Networks of Power, Visibility, and Technicity

Keynote lecture to be delivered by: Professor David Bates, UC Berkeley

 

The 17th annual Comparative Literature and Cultural Studies Graduate Student Conference at the University of New Mexico invites graduate students to examine the manner in which networks of power, visibility, and technicity shape contemporary forms of social organization, ideological formations, and cultural narratives. This interdisciplinary conference calls for critical reflection on the ways media and technology intervene in configurations of identity, articulations of culture, and modes of community in a globalized world.
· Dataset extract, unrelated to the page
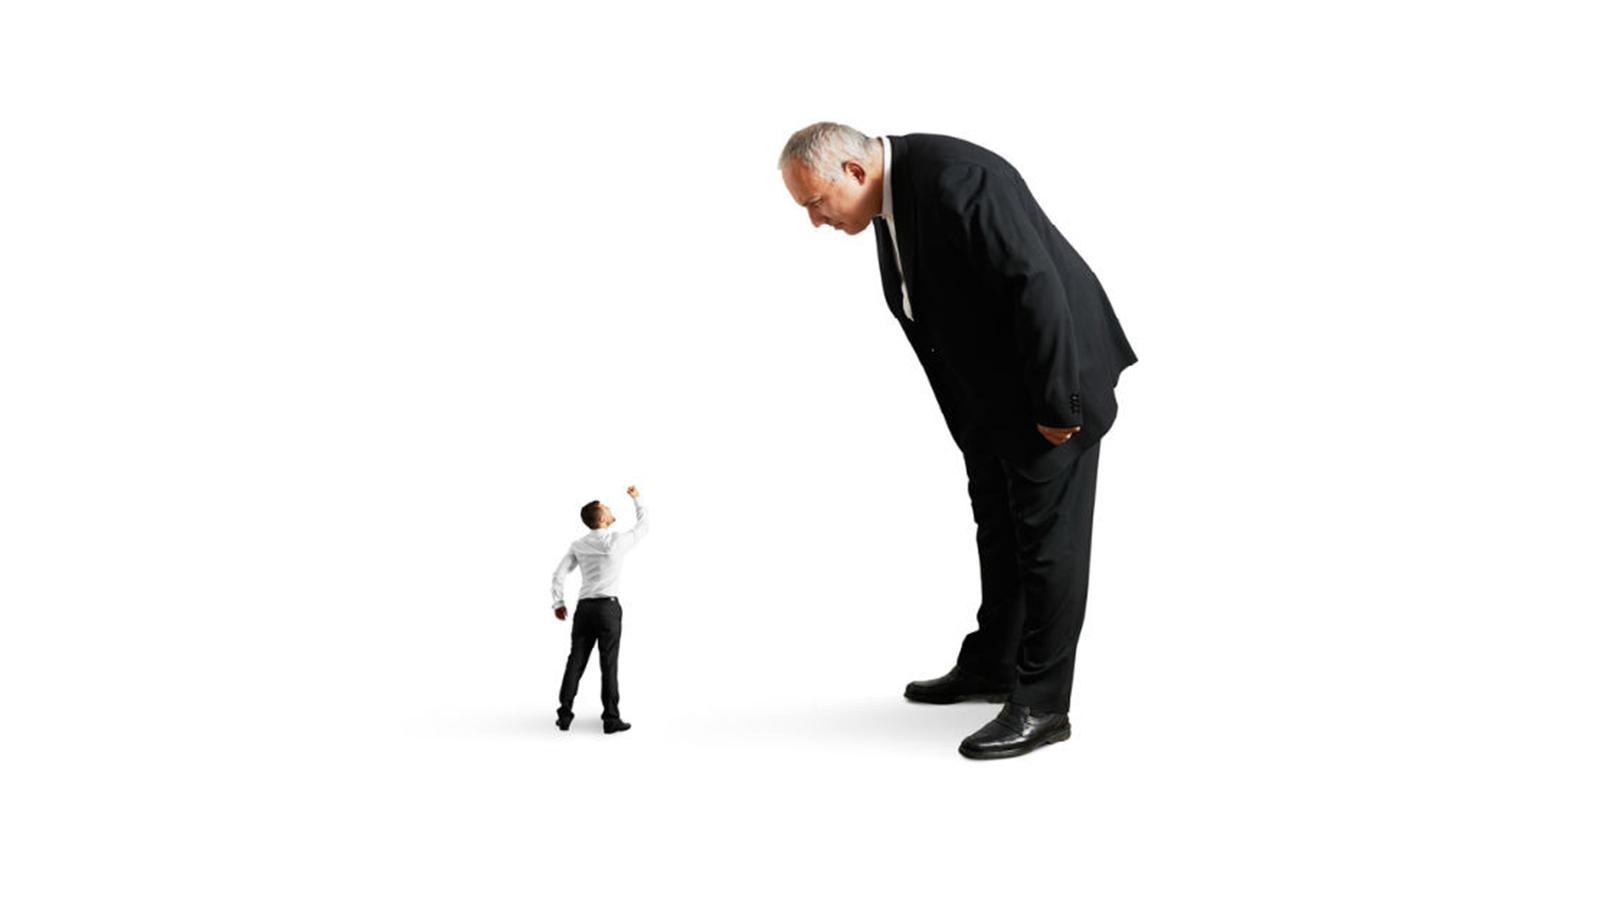 قانون پیتر – یا چرا اکثر مدیران سازمانهای بزرگ احمق و بیسوادند

As media and digital technologies increasingly shape the way we see and are seen, they become central to how power is enacted, performed, and resisted. Our networks have become sites of proliferation of authority, slow violence, and trauma. Digital age globalization speeds up and intensifies our relational responses while simultaneously providing us with the tools to document, and strategize alternatives out of existential necessity. We are examining and making public our individual and collective intergenerational traumas like never before. Counter-networks allow us to record, exchange, and bear witness; construct social responses to trauma, and rewrite histories.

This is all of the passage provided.